The Finance Act 2015 changes limited the availability of relief on a disposal of personal assets used in a business (‘associated disposals’) when the business was sold to members of the claimant’s family under normal succession arrangements.
Clause 73 allows ER to be claimed in some circumstances where the 2015 changes prohibited it, recognising that these situations were not abusive.
The amendments will be backdated to the date on which the Finance Act 2015 measures became effective. They will therefore apply to disposals on or after 18 March 2015. (Individuals who have already submitted a tax return reflecting disposals between 18 March and 5 April 2016 will have until 31 January 2017 to submit a revised tax return claiming ER if applicable.)
Some aspects of the drafting of clause 73 are being considered by HMRC following recommendations from the stakeholder group.
Section 169K of the Taxation of Chargeable Gains Act 1992 (which this clause amends) currently requires that a claimant disposes of at least 5% of the partnership assets or 5% of the ordinary shares of a company and denies relief where arrangements exist for the acquisition of shares or increased partnership share by anyone connected with the claimant (‘P’ in the legislation).
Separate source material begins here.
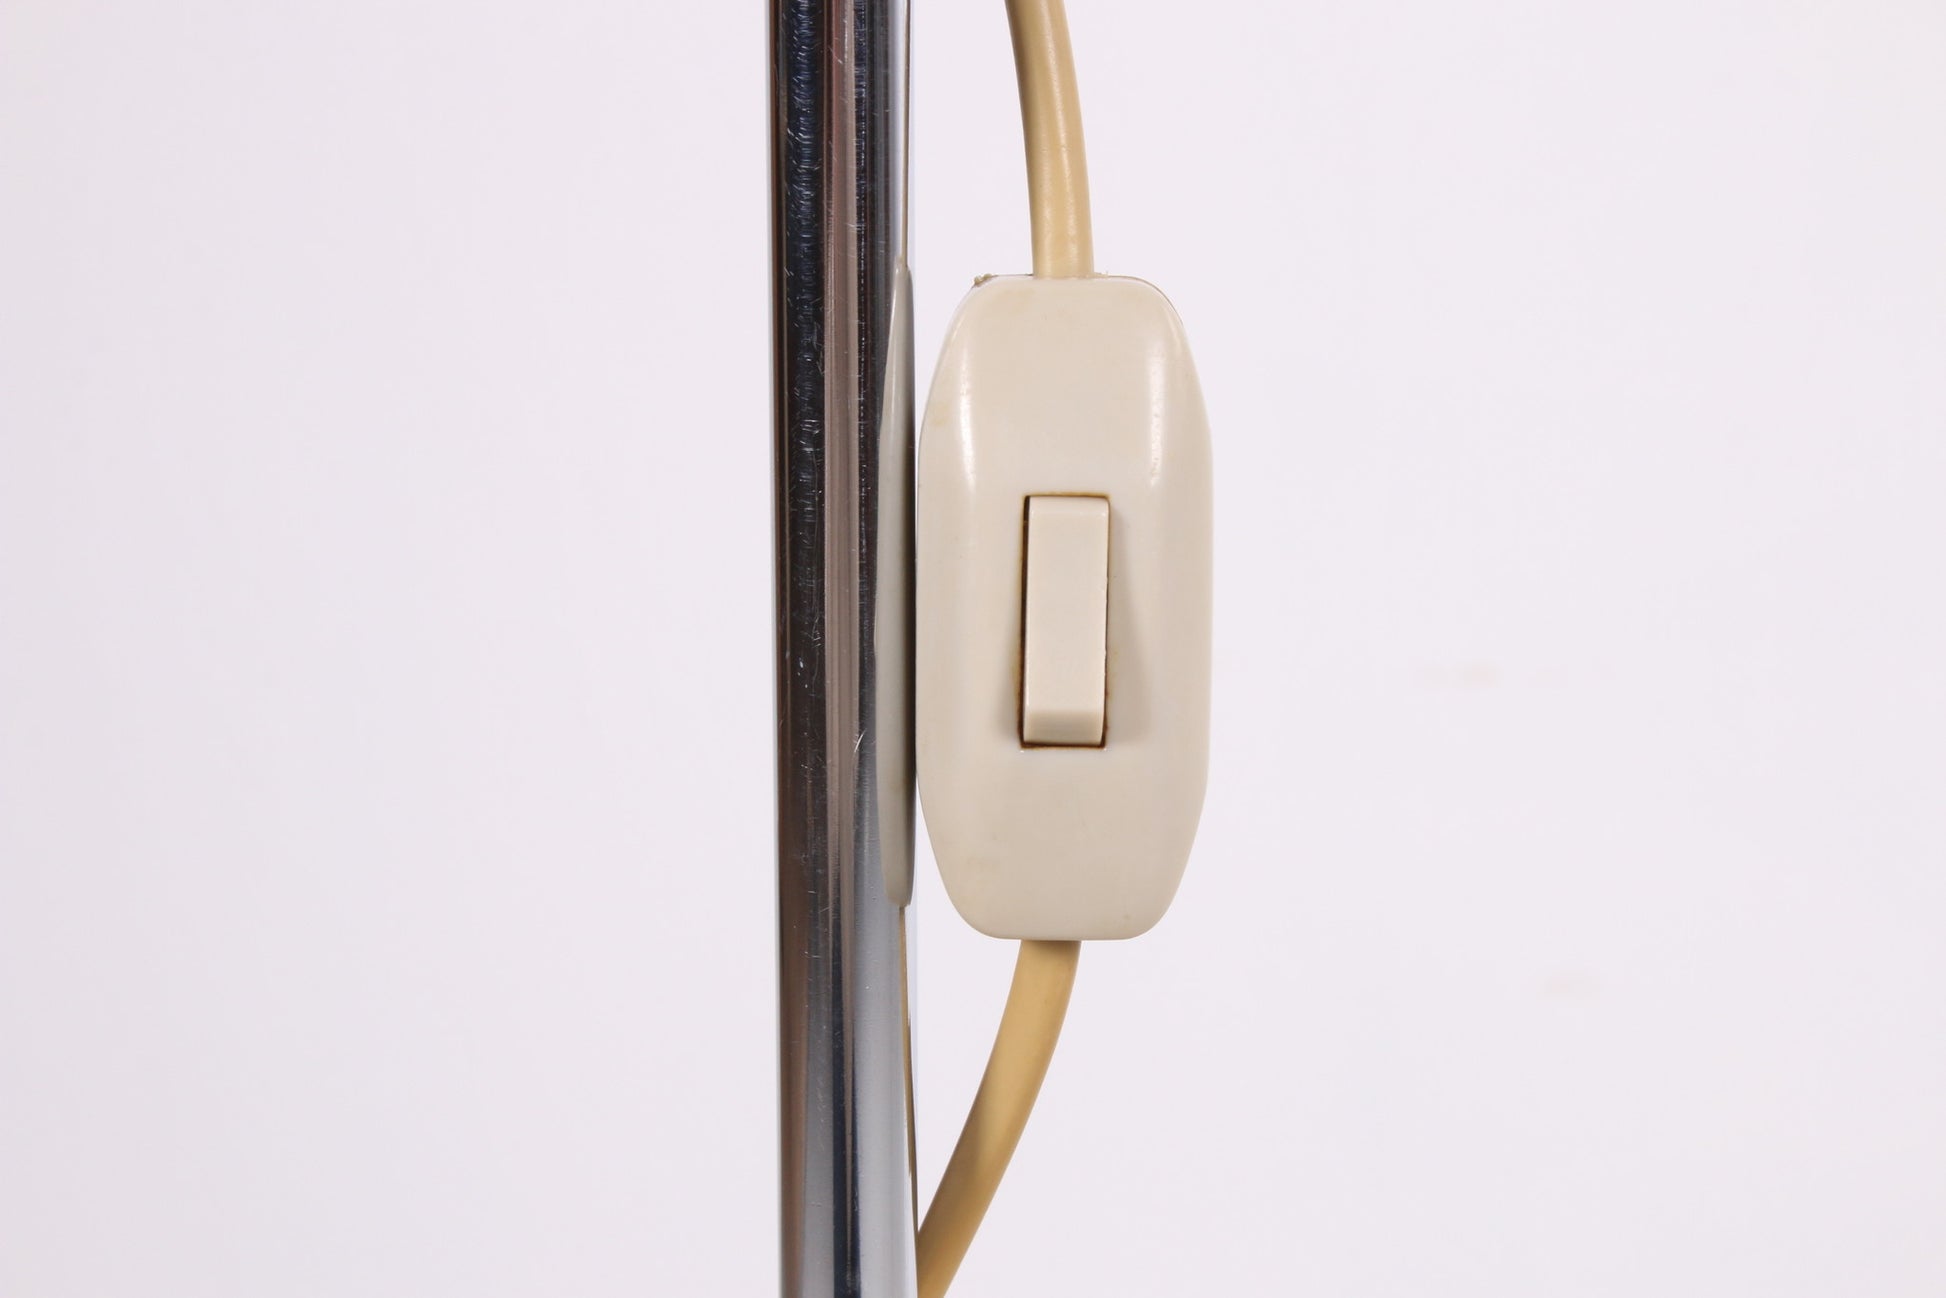 Aluminium hengellamp uit denemarken met verstelbare spot detail aan en uit knop

The amendments in the Bill ensure that the disposal does not have to be a minimum of 5% provided that the claimant is disposing of all of his or her residual interest in the partnership or shareholding (new Condition ZA1). This very welcome relaxation allows for a gradual withdrawal from a business (a common situation in family owned businesses) while still retaining the ability to claim the relief.
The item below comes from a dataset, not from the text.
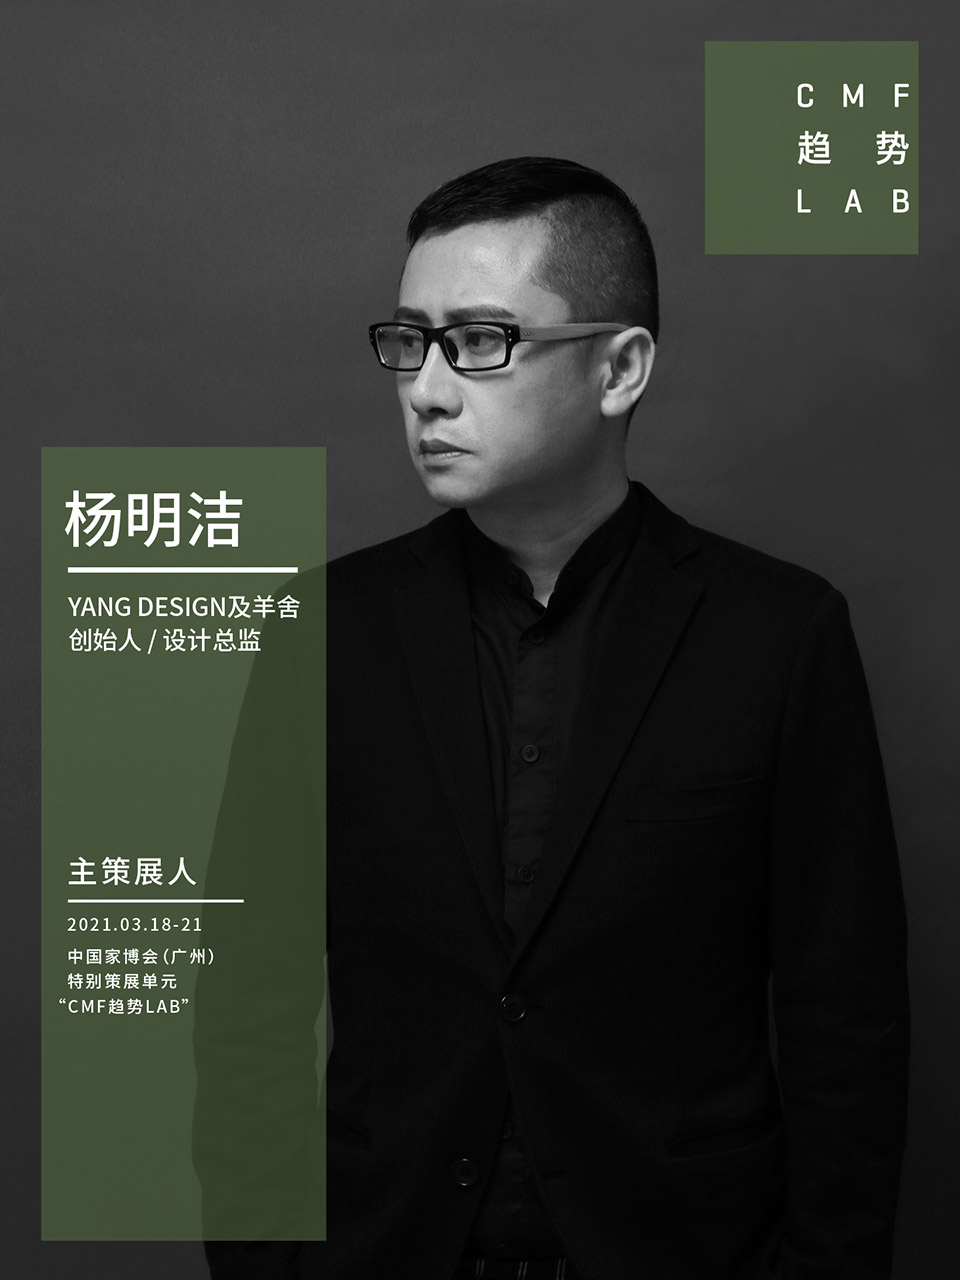 中国家博会“CMF趋势LAB” 四大主题实验室全新发布/“虚拟重构实验室”、“融手艺材料实验室”、“精致懒实验室”、“无废实验室”
-6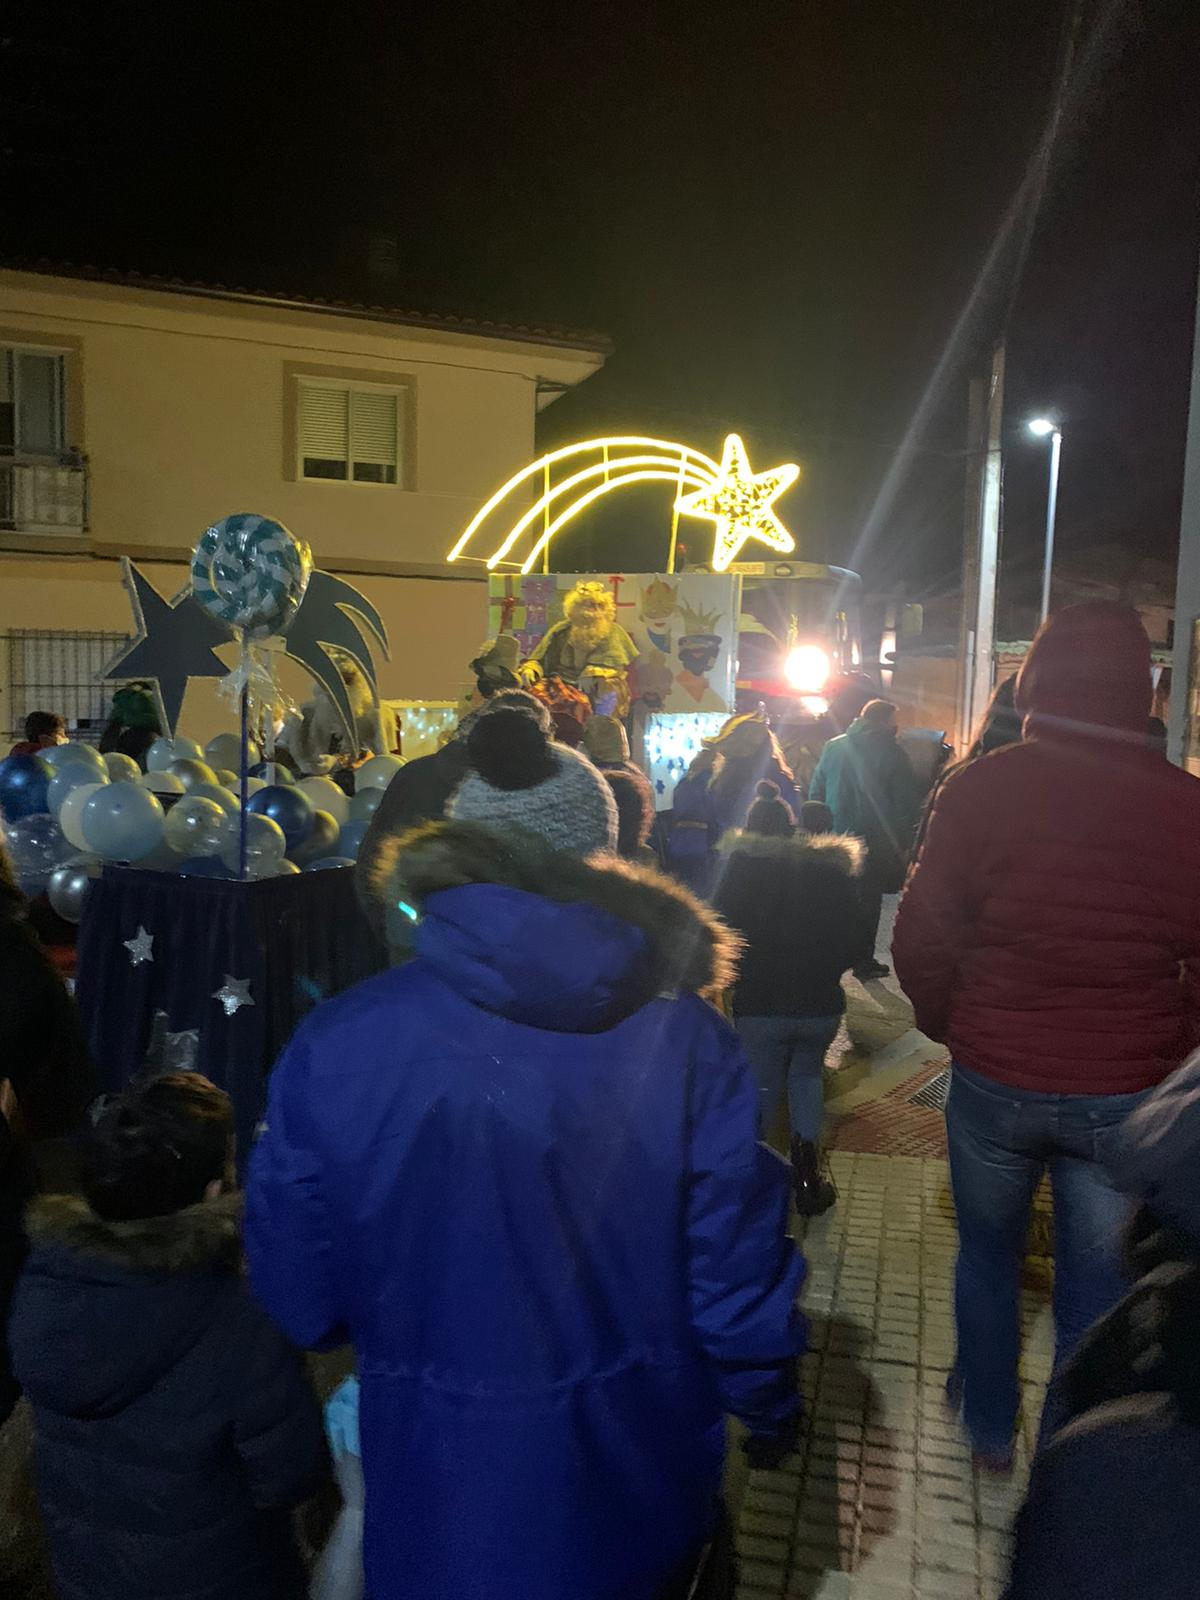 Foto 2 - Alegría tras la lluvia para recibir a los Reyes Magos en una animada Cabalgata en Villoria

There are some aspects of the revisions that the stakeholder group consider to have a potentially adverse retroactive effect. It is understood that such an effect is not within the policy intent and that the government is considering amendments.
The concerns are detailed below:
To satisfy new Condition ZA1, the claimant must have held at least a 5% interest in the partnership assets for a continuous period of at least three years in the eight years ending with the date of the disposal and there are no partnership purchase arrangements (as defined) at the date of the disposal.
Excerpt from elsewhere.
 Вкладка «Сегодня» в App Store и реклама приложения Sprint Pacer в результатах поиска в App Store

However a new condition (Condition D inserted by clause 73 (11)) requires that P has owned the asset that constitutes the associated disposal for at least three years at the date of disposal. As currently drafted, this condition applies to all associated disposals not just to those where the material disposal was of the whole of a partnership interest of less than 5% (new Condition ZA1). Applying Condition D to all associated disposals has a potentially retroactive effect on claims for ER made in respect of associated disposals made from 18 March 2015 to the date of publication of the Finance Bill as it retroactively imposes the 3-year period of ownership where no such requirement existed at the time of the disposal. The stakeholder group has therefore suggested that Condition D is amended to limit its application to Condition ZA1. The amendments deal with this issue by ensuring that the ‘3 out of 8 years rule’ only apply to disposal of sub- 5% interests that constitute the disposal of the entire interest. It therefore operates as intended. In addition Condition D (either in its current or an amended form) should apply to disposals after the Bill was published as a claimant could not have known of that new requirement prior to publication of the Bill. (Amendment applies now from 13 June 2016)
A further suggested amendment is that the amendment made to Condition A1( by clause 74(4)) which now only applies to a disposal of part of P’s interest in the business whereas it previously applied to the whole or part of P’s interest, is reversed. Where a claimant disposes of an entire interest of more than 5%, Condition A1 will not be satisfied, so he or she must satisfy Condition ZA1 instead, including the three out of eight years requirement. This is the case despite the fact that disposing of an interest of more than 5% post 18 March 2015 would have satisfied Condition A1 without the need for this further condition. The retroactive application of these amendments could now deny relief for a transaction made after 18 April 2015 based on the legislation in force. It is suggested that ‘the whole or’ is restored in section 169K(1A). (Amended – ‘the whole or’ has been restored).